What is optimization power, formally?
I’m interested in thinking formally about AI risk. I believe that a proper mathematization of the problem is important to making intellectual progress in that area.
I have been trying to understand the rather critical notion of optimization power. I was hoping that I could find a clear definition in Bostrom’s Superintelligence. But having looked in the index at all the references to optimization power that it mentions, as far as I can tell he defines it nowhere. The closest he gets is defining it in terms of rate of change and recalcitrance (pp.62-77). This is an empty definition—just tautologically defining it in terms of other equally vague terms.
Looking around, this post by Yudkowksy, “Measuring Optimization Power” doesn’t directly formalize optimization power. He does discuss how one would predict or identify if a system were the result of an optimization process in a Bayesian way:
The quantity we’re measuring tells us how improbable this event is, in the absence of optimization, relative to some prior measure that describes the unoptimized probabilities. To look at it another way, the quantity is how surprised you would be by the event, conditional on the hypothesis that there were no optimization processes around. This plugs directly into Bayesian updating: it says that highly optimized events are strong evidence for optimization processes that produce them.
This is not, however, a definition that can be used to help identify the pace of AI development, for example. Rather, it is just an expression of how one would infer anything in a Bayesian way, applied to the vague ‘optimization process’ phenomenon.
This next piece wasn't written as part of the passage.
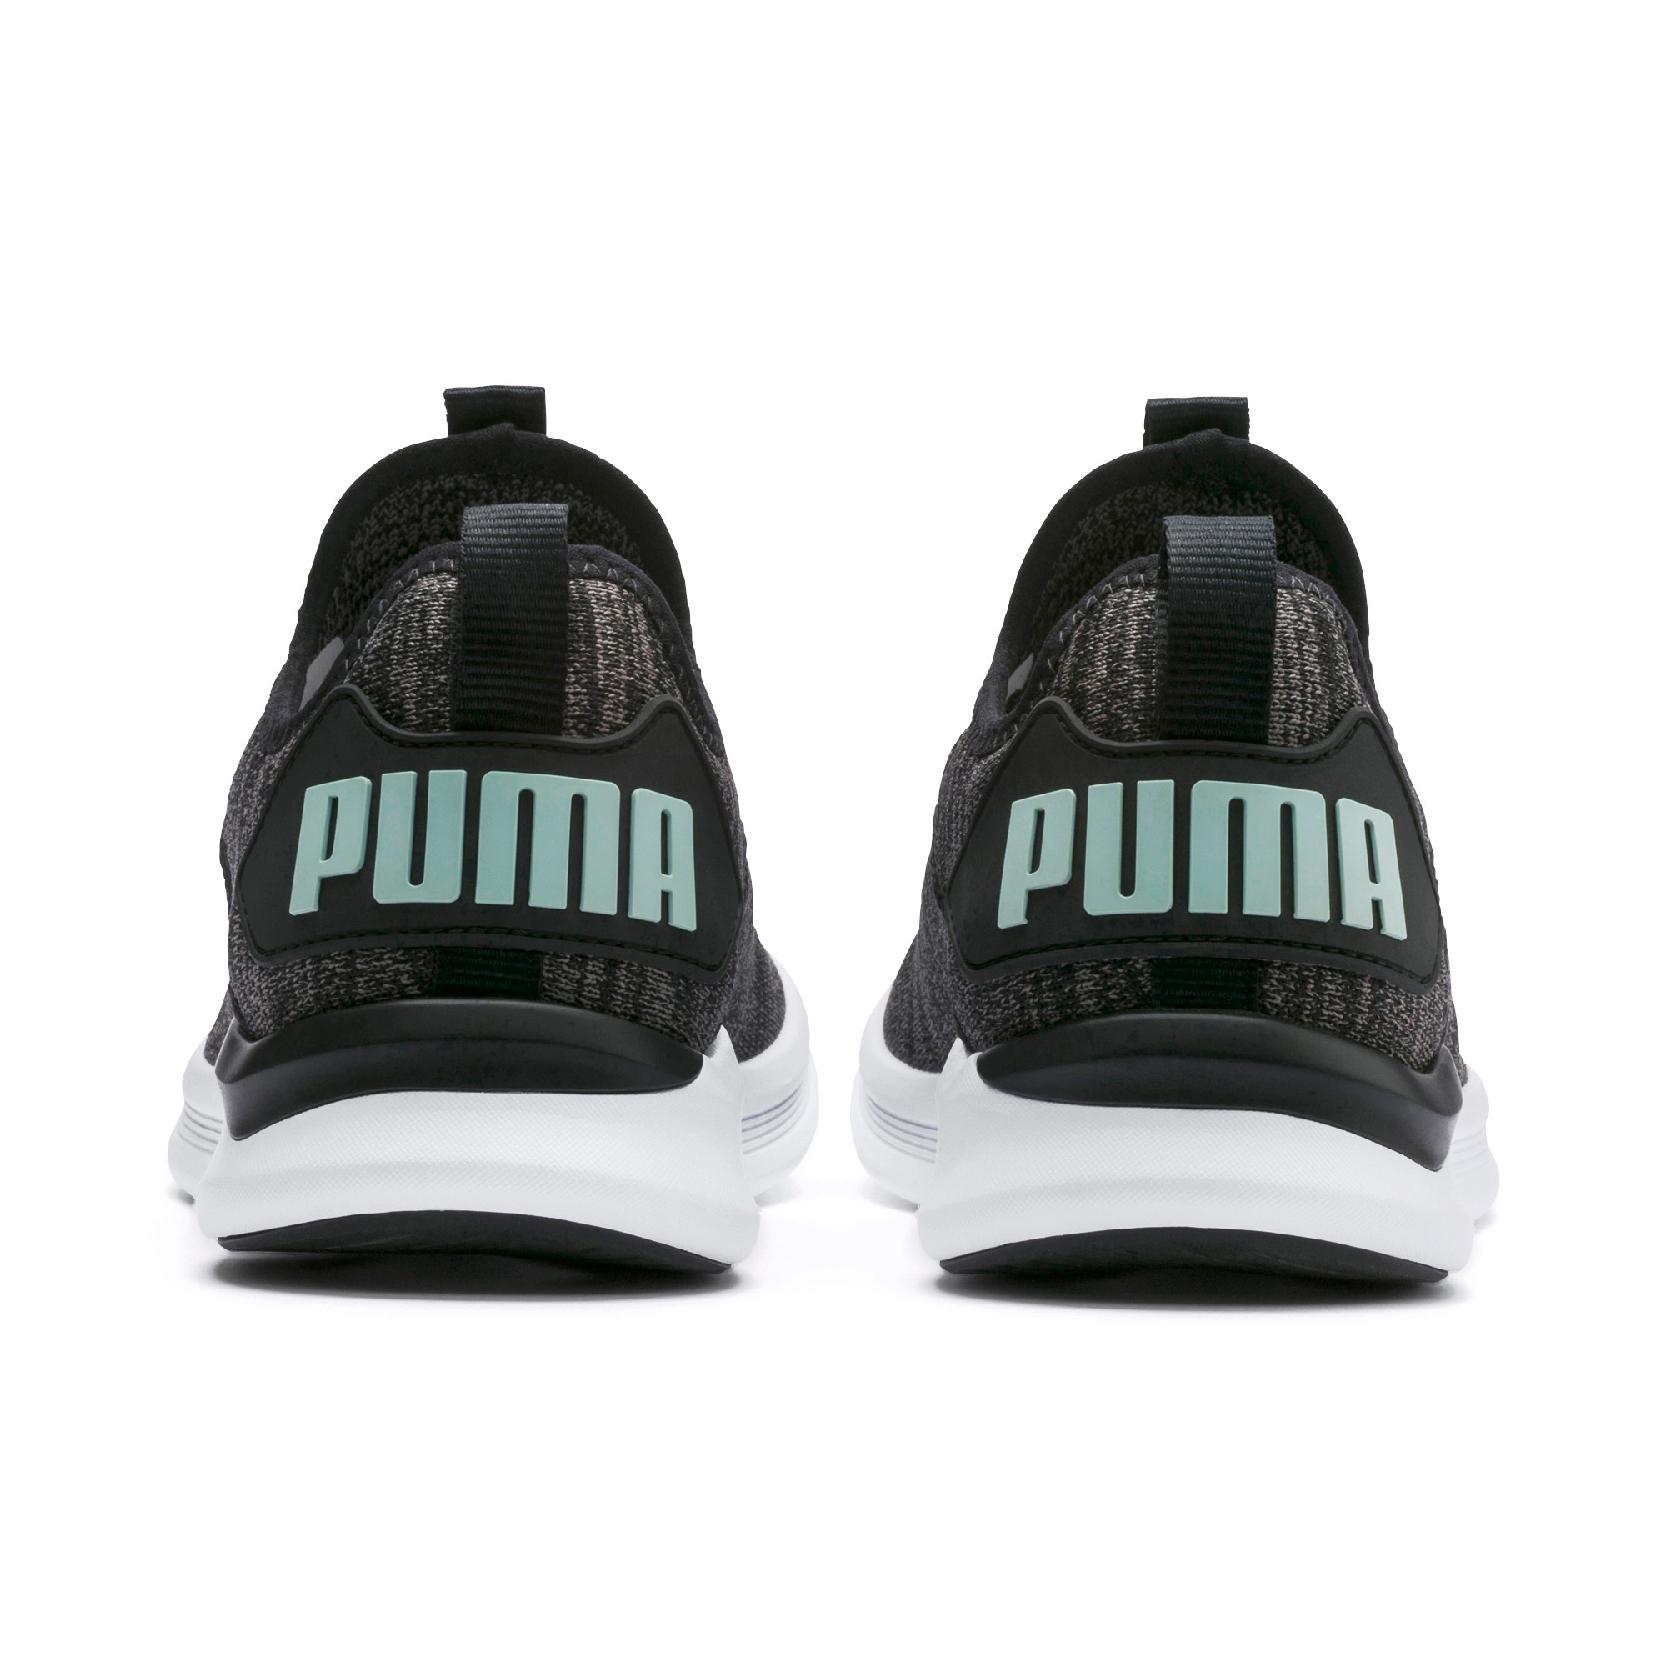 Puma IGNITE Flash EvoKNIT Fitnessschuh Herren Khaki, Schwarz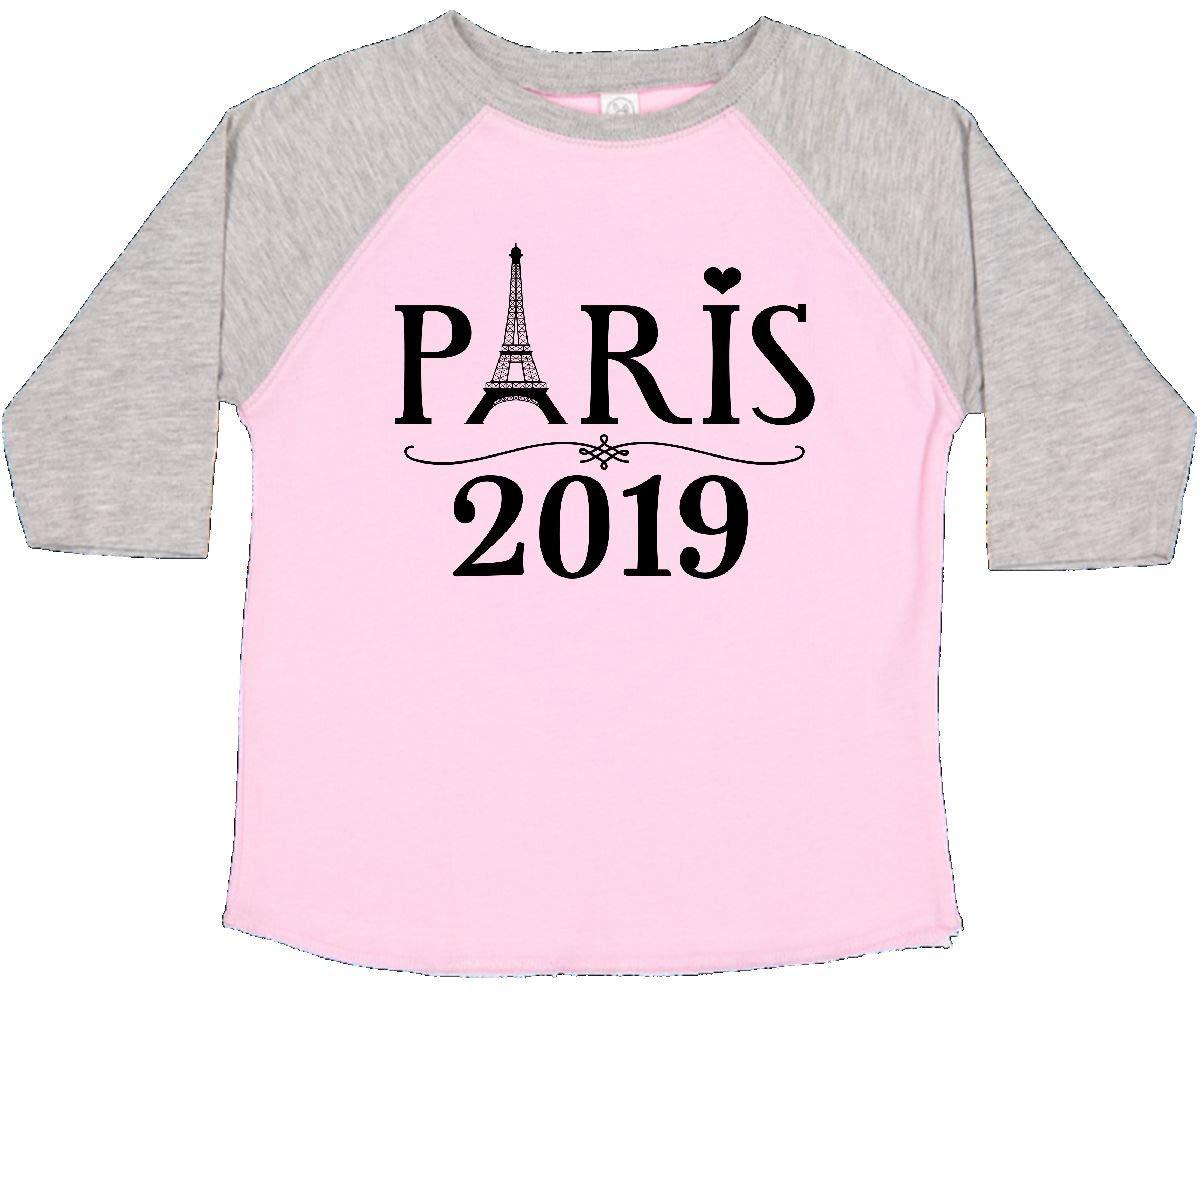 inktastic Paris France 2019 Vacation Trip Toddler T-Shirt

Alex Altair has a promising attempt at formalization here but it looks inconclusive. He points out the difficulty of identifying optimization power with just the shift in the probability mass of utility according to some utility function. I may be misunderstanding, but my gloss on this is that defining optimization power purely in terms of differences in probability of utility doesn’t say anything substantive about how a process has power. Which is important it is going to be related to some other concept like recalcitrance in a useful way.
Has there been any further progress in this area?
It’s notable that this discussion makes zero references to computational complexity, formally or otherwise. That’s notable because the informal discussion about ‘optimization power’ is about speed and capacity to compute—whether it be brains, chips, or whatever. There is a very well-developed formal theory of computational complexity that’s at the heart of contemporary statistical learning theory. I would think that the tools for specifying optimization power would be in there somewhere.
Those of you interested in the historical literature on this sort of thing may be interested in cyberneticist’s Rosenblueth, Weiner, and Bigelow’s 1943 paper “Behavior, Purpose and Teleology”, one of the first papers to discuss machine ‘purpose’, which they associate with optimization but in the particular sense of a process that is driven by a negative feedback loop as it approaches its goal. That does not exactly square with an ‘explosively’ teleology. This is one indicator that explosively purposeful machines might be quite rare or bizarre. In general, the 20th century cybernetics movement has a lot in common with contemporary AI research community. Which is interesting, because its literature is rarely directly referenced. I wonder why.